Unnamed: 0_level_0,Position.Name,Employer.Name,Job.Description
Applicant.ID,Unnamed: 1_level_1,Unnamed: 2_level_1,Unnamed: 3_level_1
42,Courtesy Clerk,Safeway,
42,Street Marketer,Media Nation,
96,Cashiet/Waiter,Miss Saigon,"Place table for customers, provide water or te..."
96,Receptionist,CCSF Duplicatiing,Greeting professors and faculty staff.
96,Cashier,Honey Berry,Greeting people and introducing/recommend food...
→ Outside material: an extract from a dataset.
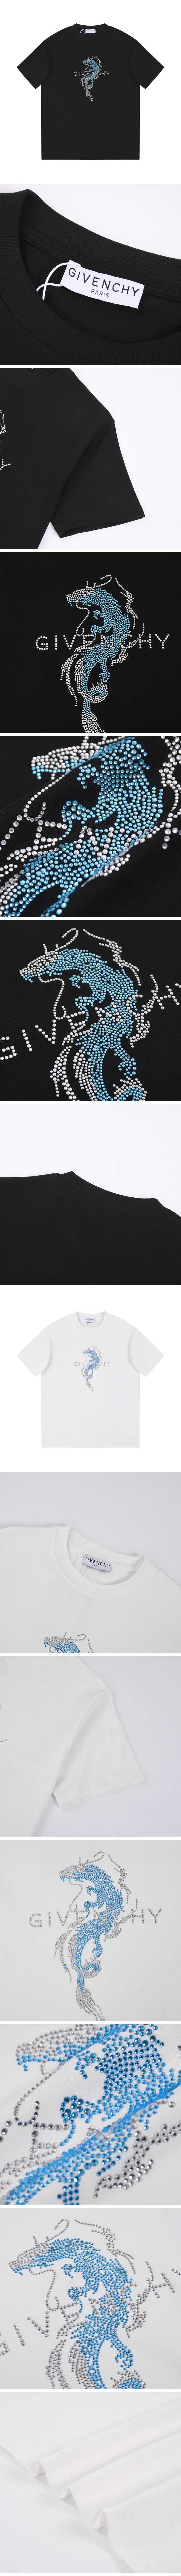 Givenchy Chest Name Logo Tee ジバンシー チェスト ネーム ロゴ Tシャツ
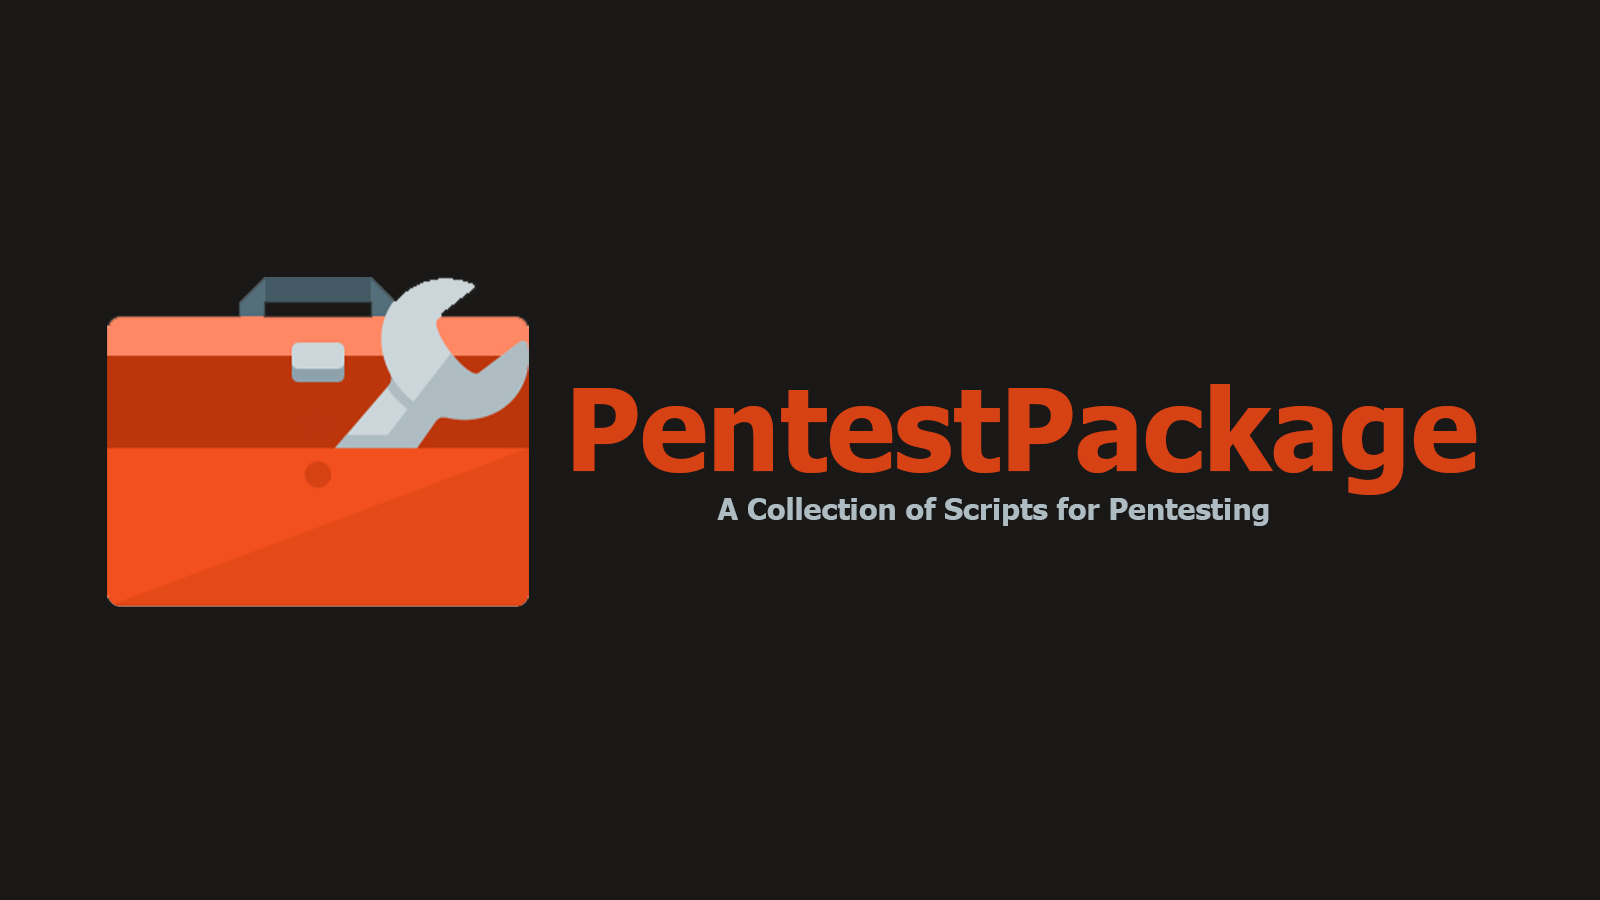 PentestPackage - A Collection of Scripts for Pentesting

This phase proposes the CF phase to capture similar applicants to offer their applied job positions to other users.

In [10]:
from sklearn.feature_extraction.text import TfidfVectorizer

candidates['aggr_data'] = candidates['Position.Name'] + \
                            ' ' + candidates['Employer.Name'] + \
                            ' ' +  candidates['Job.Description']

candidates['aggr_data'] = text_processing(candidates.copy(), 'aggr_data')
candidates.head(5)

v2 = TfidfVectorizer()
tfidf_matrix_user = v2.fit_transform(candidates['aggr_data'])

In [11]:
from sklearn.metrics.pairwise import linear_kernel

def retrieve_similar_users(tfidf_matrix, data, _text, candid_id, k = 3):
    query_vector = v2.transform([_text])
    similarities = linear_kernel(query_vector, tfidf_matrix).flatten()
    scores = pd.DataFrame(list(zip(similarities, data.index)), columns=['score', 'Applicant.ID'])
    result = pd.merge(data, scores, how='inner', on=['Applicant.ID',
                                                     'Applicant.ID']).sort_values('score', axis=0, ascending=False)
    result = result[result['Applicant.ID'] != candid_id]
    return result.head(k)

To illustrate the 2nd phase, let's query an applicant by his/her ID and then find his/her similar applicants.

In [12]:
applicant_id = 1001
applicant = candidates.query('index == {}'.format(applicant_id))
applicant

Unnamed: 0_level_0,Position.Name,Employer.Name,Job.Description,aggr_data
Applicant.ID,Unnamed: 1_level_1,Unnamed: 2_level_1,Unnamed: 3_level_1,Unnamed: 4_level_1
1001,Sales Associate,Athleta,Assist customers on sales floor and in fitting...,sale associ athleta assist custom sale floor f...


In [13]:
dfs = []
for index, row in applicant.iterrows():
    r = retrieve_similar_users(tfidf_matrix_user, candidates, row['aggr_data'], applicant_id, k = 3)
    dfs.append(r)
df = pd.concat(dfs).drop(['aggr_data'], axis=1).sort_values('score', axis=0, ascending=False)
df.head(10)

Unnamed: 0,Applicant.ID,Position.Name,Employer.Name,Job.Description,score
12201,5304,Sales Associate,Ross,"Fitting room, customer service, sales floor, a...",0.403909
23800,9944,Team Member,Flyers Energy,"Receive payment from customers, ensure that re...",0.336311
23805,9944,Seasonal Sales Associate,Macy's,Greet and make a connection with each customer...,0.336311


As the result, we can imitate the offers of applicant #5304 to applicant #1001.